We have been brought up to believe that we should learn from our mistakes.  How do we learn, if we never admit we made a mistake in the first place?  How do we learn, if we not only don’t admit to a mistake but deny we made one?  How do others learn from our mistakes, if we hide those mistakes?  Every settlement agreement I have ever been asked to sign after settling a malpractice case contains a clause upon which the defendant doctor or hospital insists.  The clause denies that any mistake was made and makes the patient and the patient’s attorney promise never to reveal that money was paid to resolve the claim.  If there is a system more rigged to perpetuate mistakes, I cannot think of what it might be.

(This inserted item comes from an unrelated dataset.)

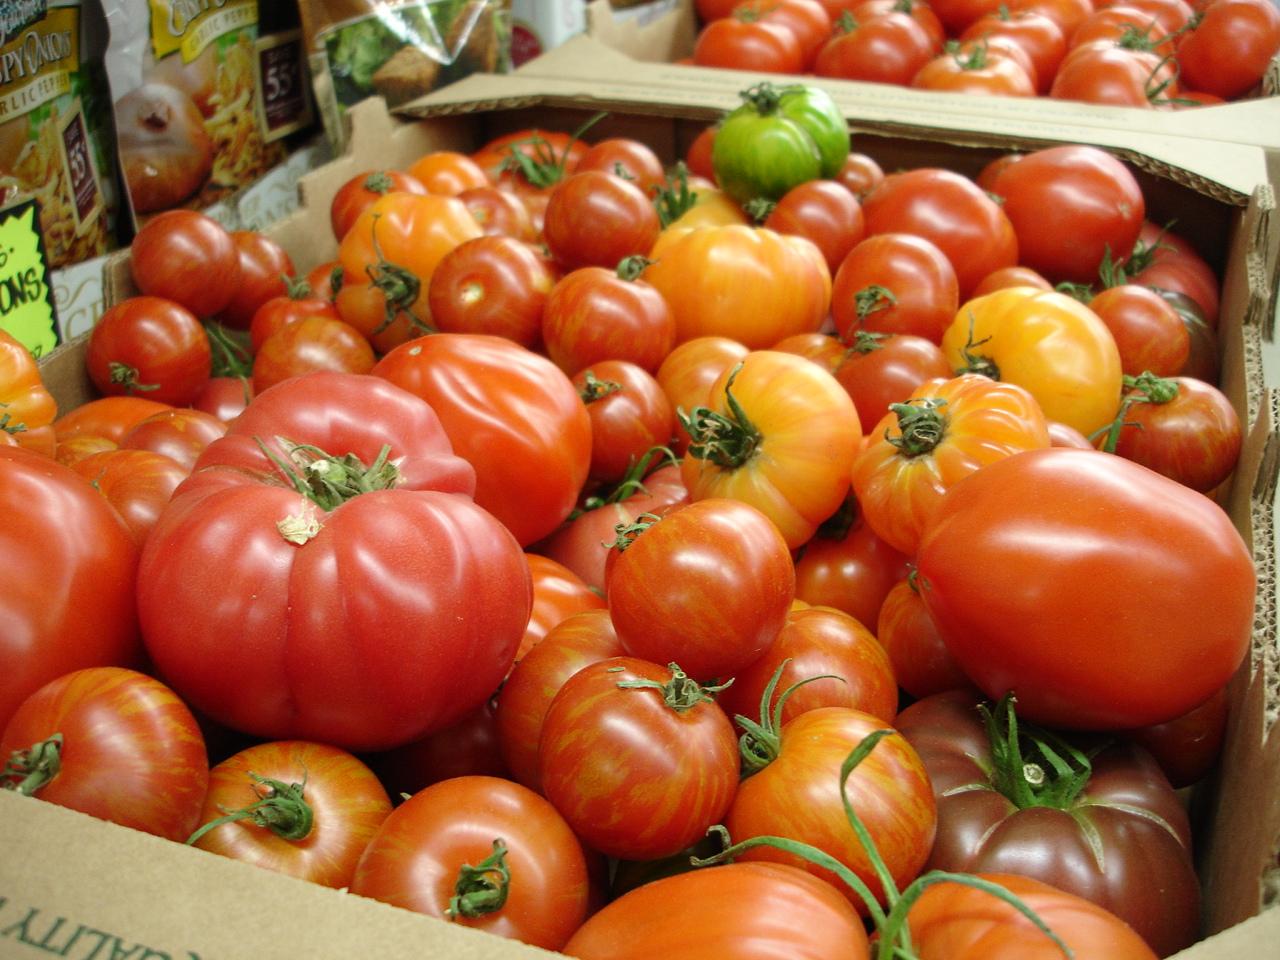 Hydroponic Heirloom Tomatoes McWethy Farms, Three Oaks, MI
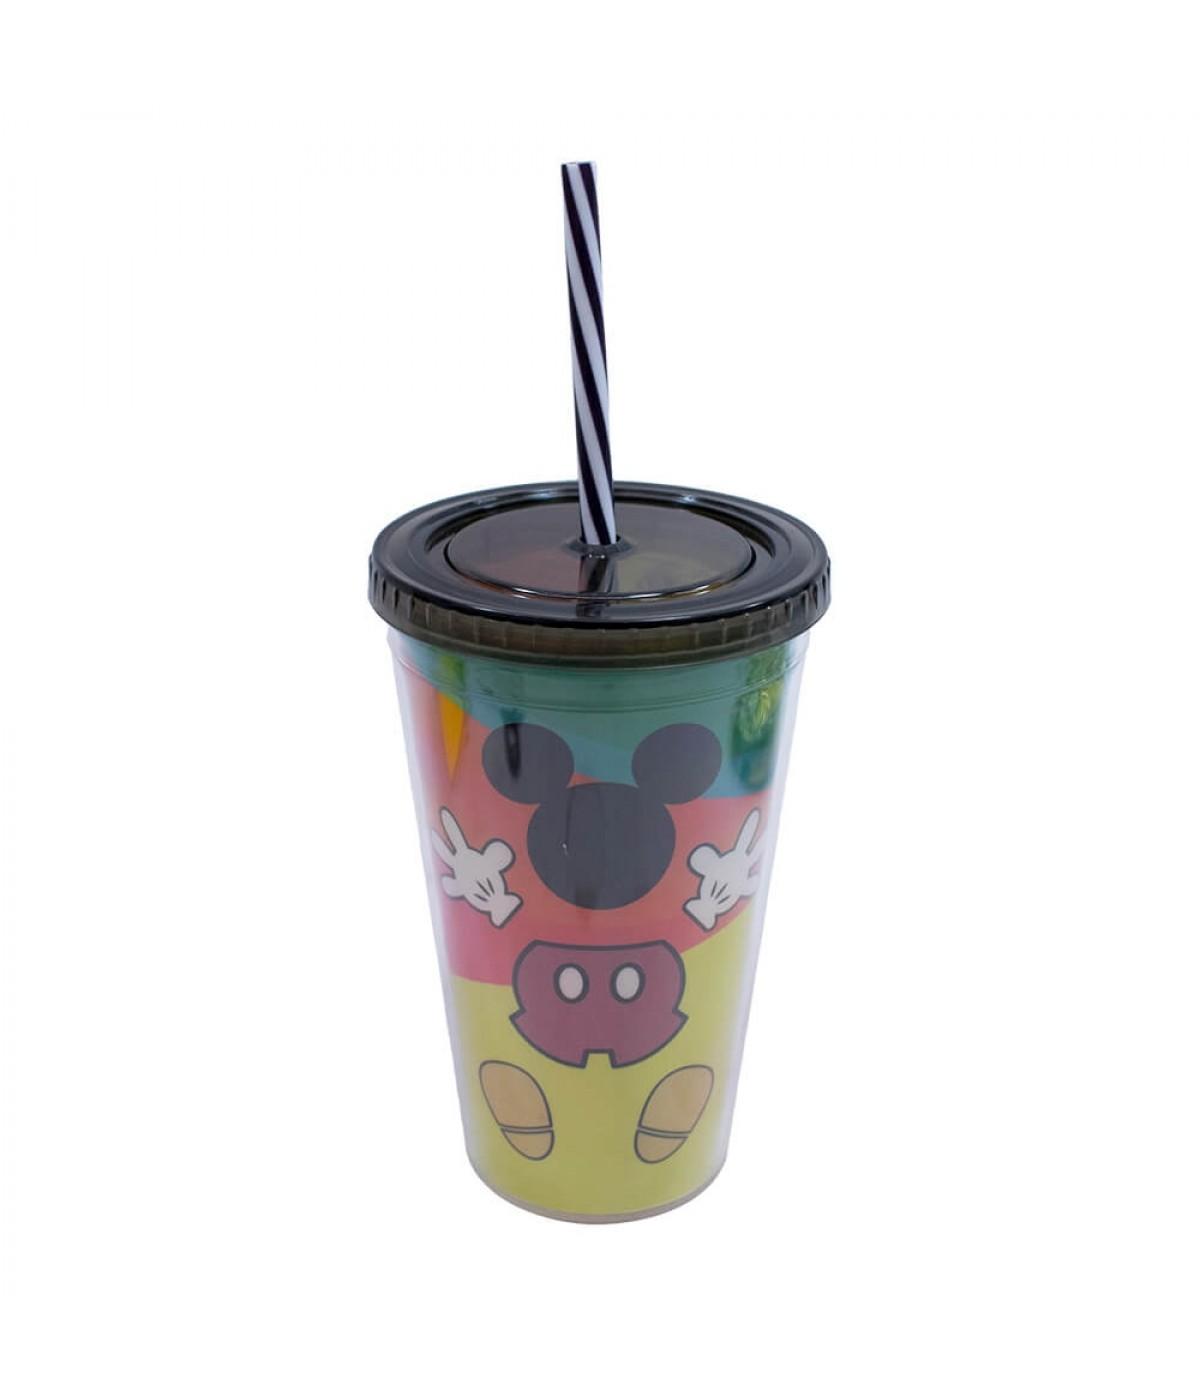 Copo Com Canudo Formato Mickey Colorido 450ml 90 Anos - Disney

Malpractice defense attorneys will admit privately that there are doctors whom they refer to in private as “frequent flyers.”  These are the doctors who get sued over and over again by patients and yet are permitted to continue to practice medicine.  Since all malpractice suits are disclosed to the Arizona Medical Board, it is clear that the Medical Board knows who these people are and just doesn’t care as these doctors continue to practice and continue to injure people.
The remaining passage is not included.